У себя, затворившись, схоронившись, произнес он речь уничижительную для этого, который – «Ка акой пассаж».
«Ах, мы верны, мы верны, мы верны!» И этой верностью вы, господа, определяете высоту своей нравственности, но вам и в голову-то не приходит, что ее поверяют непреходящей тревогой: а верны ли мои убеждения? О, старые пни с младенческими мыслями, вам и невдомек, что перевороты замышляют идеалисты, осуществляют злодеи, а плоды пожинают проходимцы.

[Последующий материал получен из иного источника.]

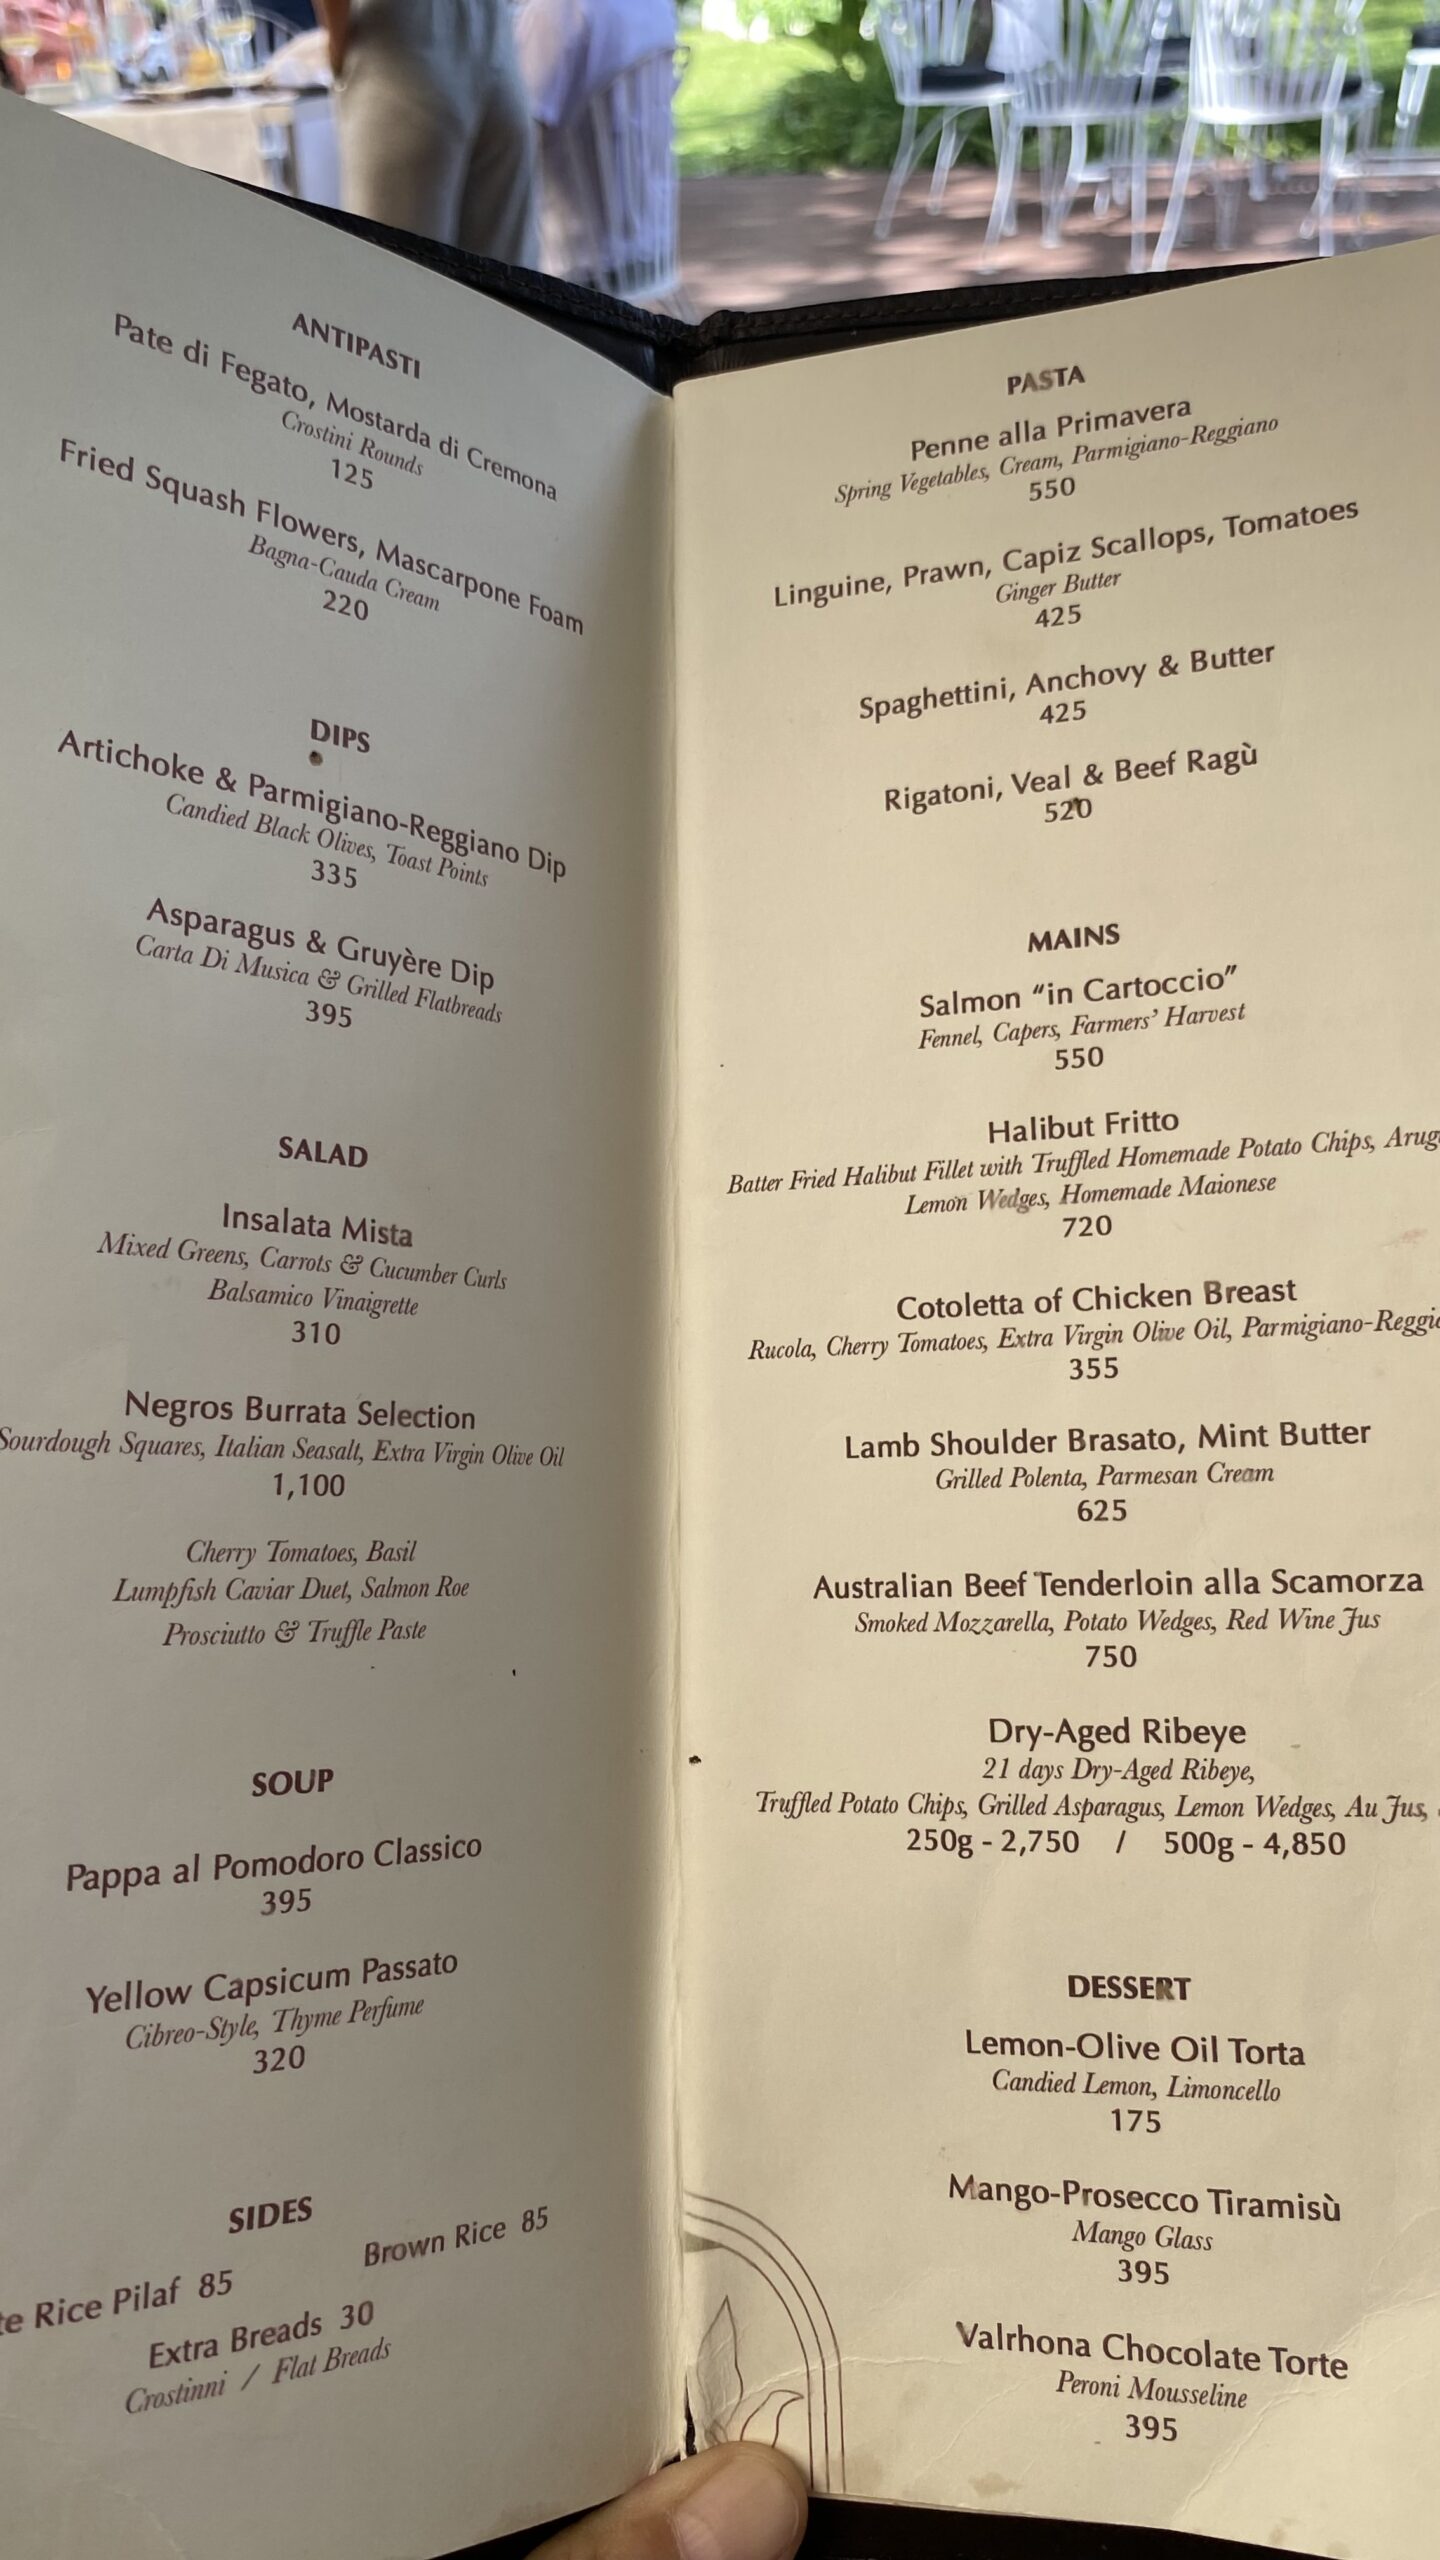 The Loggia menu

Грозя и кляня, Тихомиров торжествовал победу над Лопатиным. Но, увы, торжествовал кратко – исподволь натекал запах жареных кофейных зерен, рассыпанных под гробом одинокого мыслителя. И слышалось Тихомирову: «Надо смириться».
И все же он вернулся в редакцию «Московских ведомостей». В комнатах, похожих на кельи, горели негасимые лампадки. Но уже не было веры в то, что называл он русской Россией.
В канун девятьсот четырнадцатого стало Тихомирову спокойно и холодно: русская Россия отпела свою историческую песню.
В газете, ему враждебной, сообщалось: «Лев Тихомиров кладет отныне перо публициста. Это решение делает честь Льву Тихомирову, ибо великое множество людей, сходного с ним направления, продолжает ратоборствовать в министерских приемных, не задаваясь вопросом ни о чем великом, идеальном, всенародном. Лев Тихомиров – реакционер и консерватор, а они попросту бонапартисты. Он умер. Умер не физической, а гражданской смертью, по собственному почину, решил уничтожиться, уйти в небытие».
Физический исход в небытие хотел он принять под синим небом в золоте куполов Троице-Сергиевой лавры. Десять лет спустя его желание исполнилось. Он лег рядом с Леонтьевым.
Но это все потом.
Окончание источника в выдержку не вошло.